This paper will appear in ACM Conference on Data and Application Security and Privacy (CODASPY) 2025 [Best Paper Award Winner] (https://dl.acm.org/doi/10.1145/3714393.3726502).
This repo contains code that allows you to reproduce experiments for the concept-removal technique presented in "Espresso: Robust Concept Filtering in Text-to-Image Models". An extended version of the paper is available on ArXiv.
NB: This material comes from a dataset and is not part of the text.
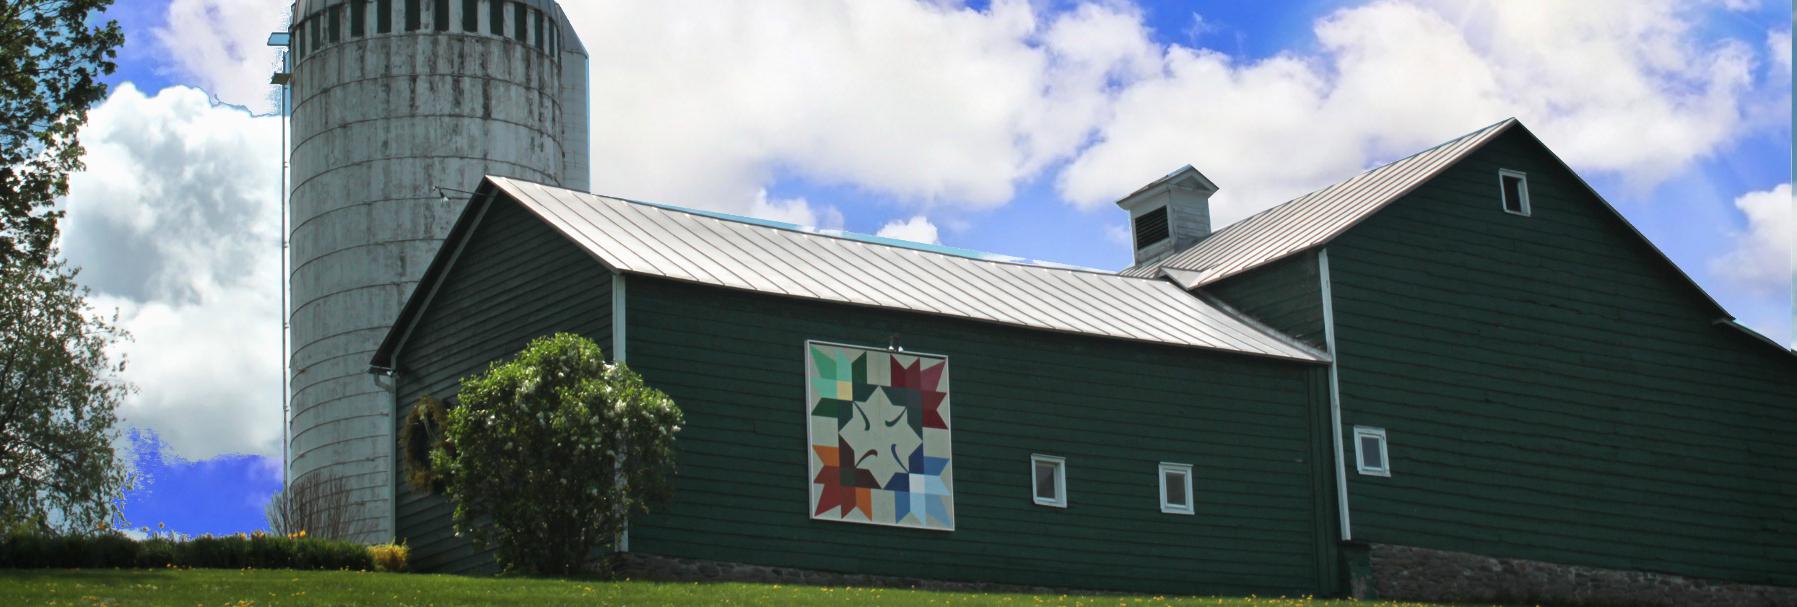 quilt barn photo - schoharie quilt barn trail

You need conda. Create a virtual environment and install requirements:
conda env create -f environment.ymlTo activate:
conda activate ldmTo update the env:
conda env update --name ldm --file environment.ymlor
conda activate ldm
conda env update --file environment.ymlOnce activated, go to the stable-diffusion/ library and install it as a package using the following command
pip install -e .Please ensure that the base_clip.pt is available in the root of this project. You can find it here
Prior to working in this repo, please remember to activate your environment.
conda activate ldmFirst, stable-diffusion/generate_imgs.sh must be run to generate the training, validation, and testing images. The prompts for these images are located in stable-diffusion/assets/finetune_prompts, for the training and validation prompts, and stable-diffusion/assets/eval_prompts for the test prompts. The validation are of the form *val.txt. The script stable-diffusion/generate_imgs.sh can be used to generate all of these images. Please ensure that the input text prompt files are set in accordance with the desired concept. For hateful, nudity, disturbing, and violent, the testing prompts are i2p prompts, and their file names are of the form i2p*.txt.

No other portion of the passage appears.